What to work on:
Would you retype the whole listing verbatim, keeping pictures out of it?
Given information Block Start
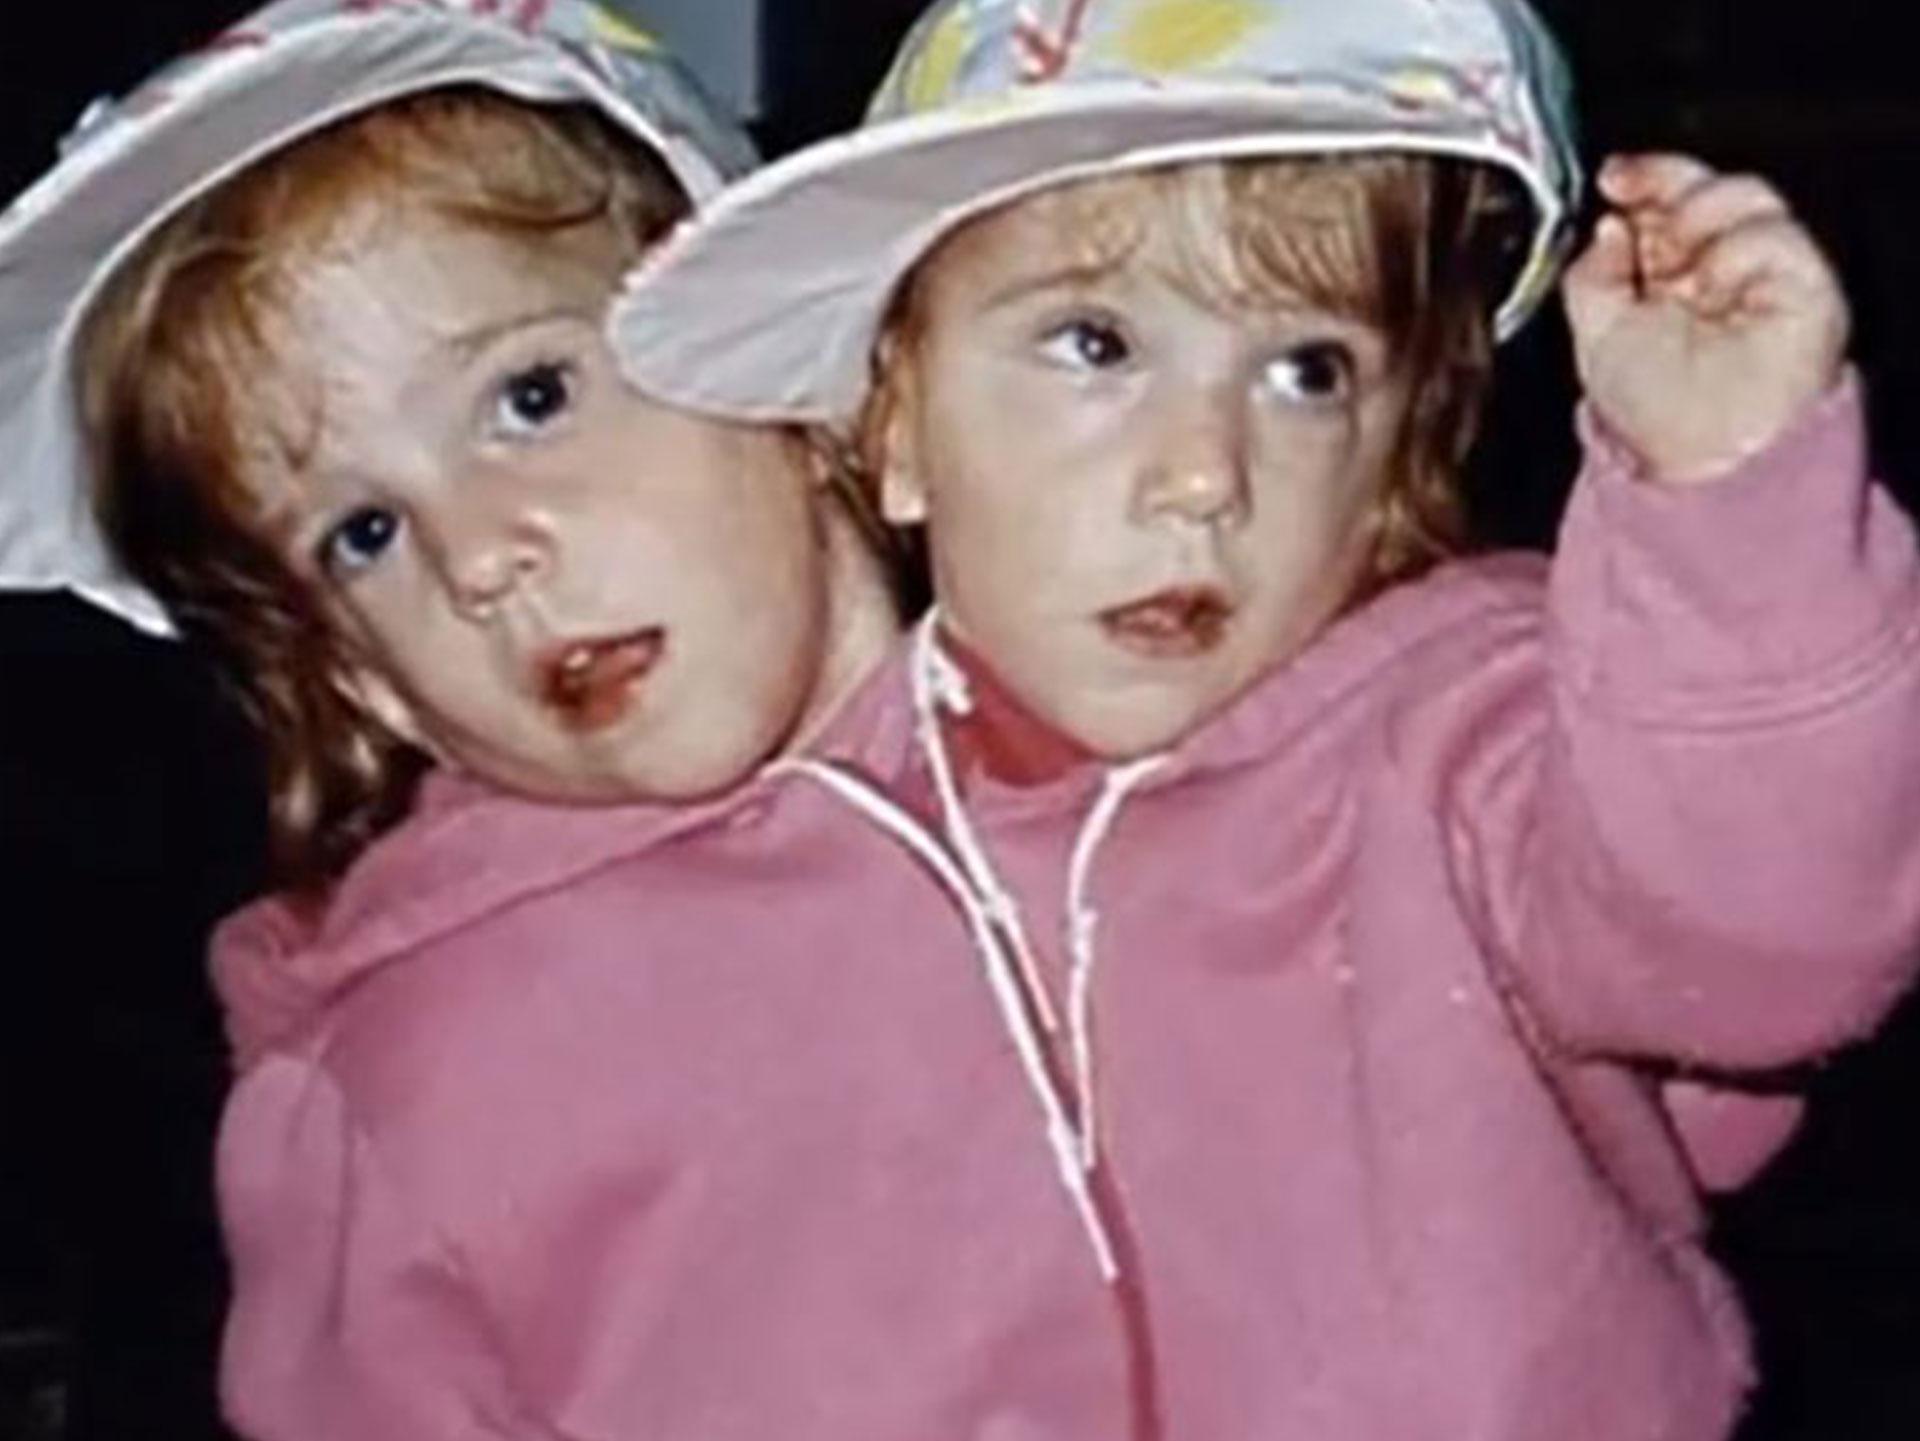 Conjoined twins Abby and Brittany Hensel: where are they now?
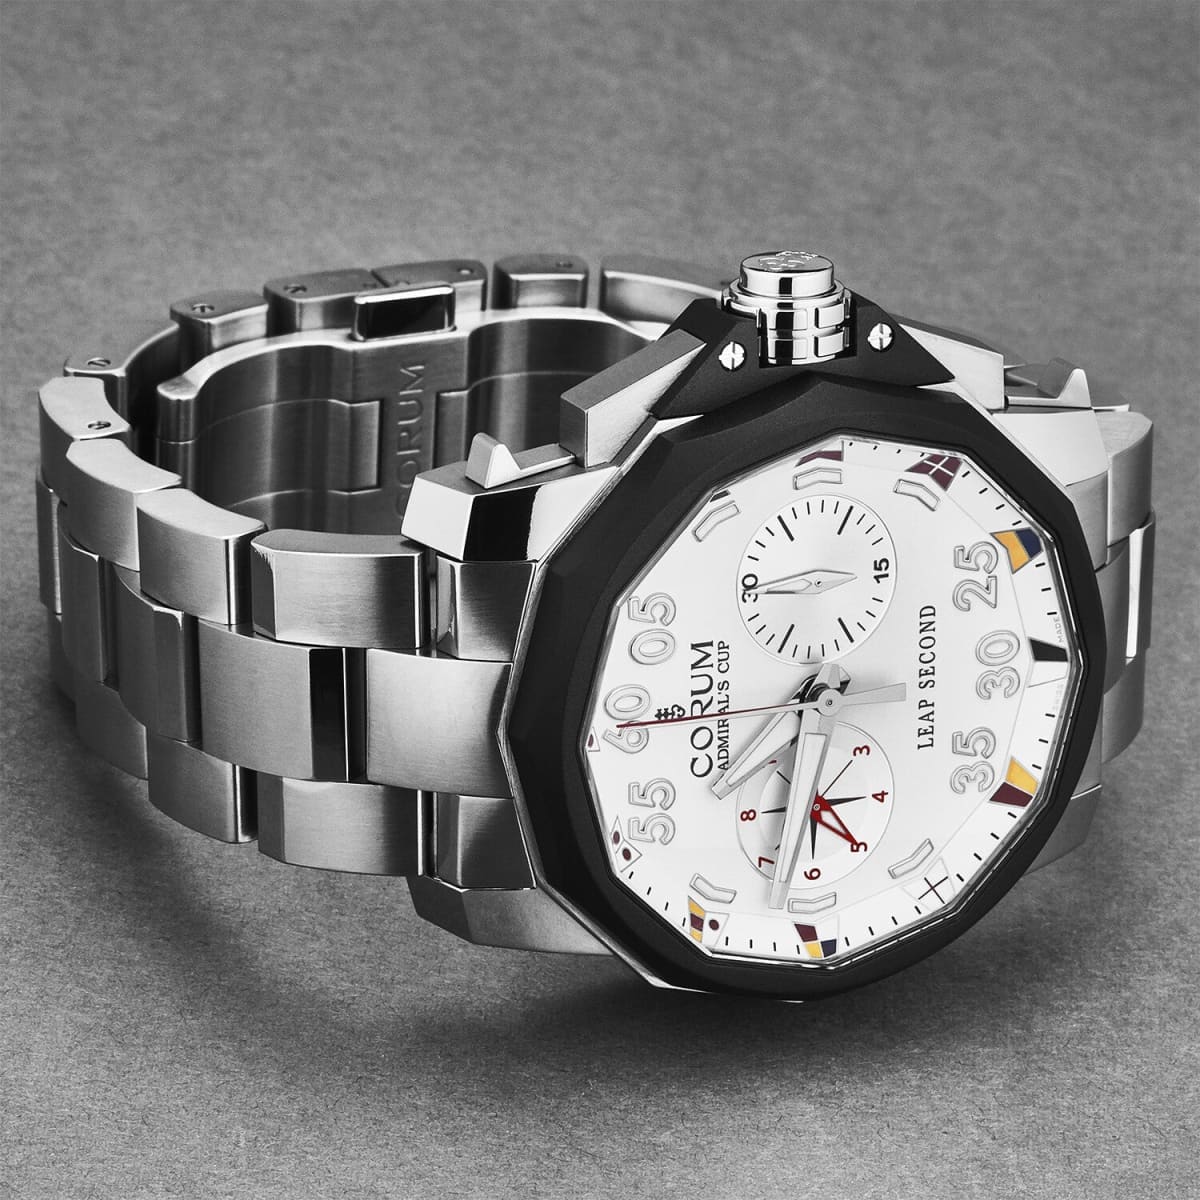 Corum Men’s ’Admiral Cup’ White Dial Stainless Steel Bracelet Titanium Leap Second Chronograph Automatic Watch 
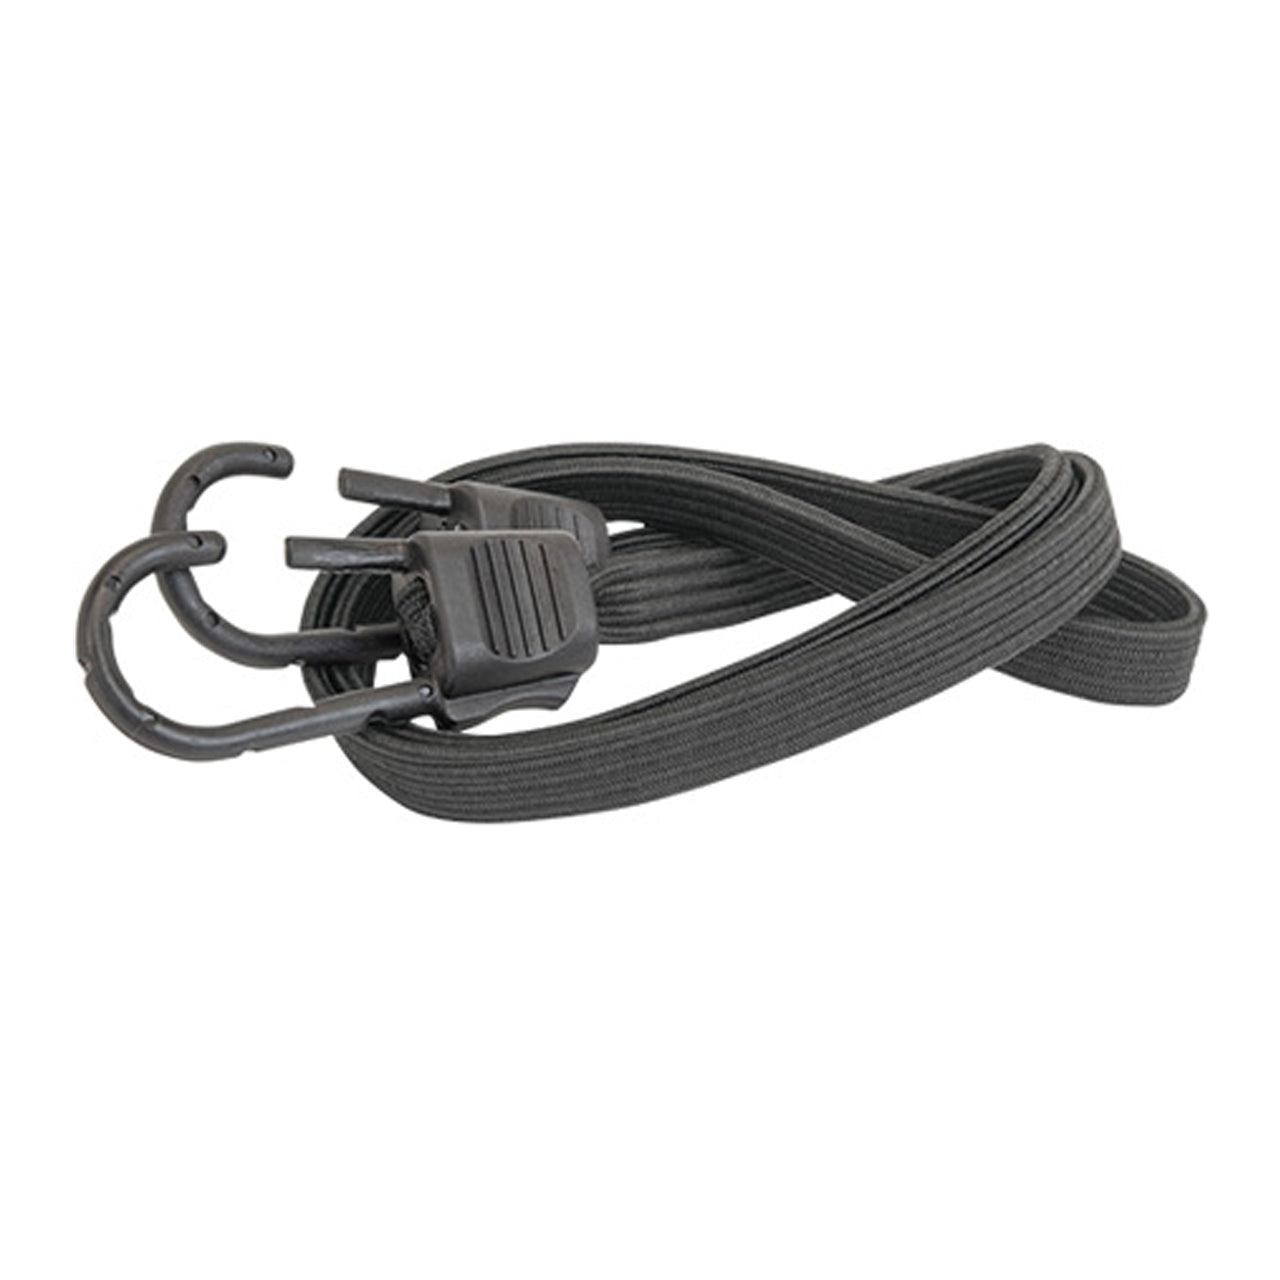 HOOKED BUNGEE STRAP
Given information Block End
Response box:
 Conjoined twins Abby and Brittany Hensel: where are they now?
 Corum Men’s ’Admiral Cup’ White Dial Stainless Steel Bracelet Titanium Leap Second Chronograph Automatic Watch 
 HOOKED BUNGEE STRAP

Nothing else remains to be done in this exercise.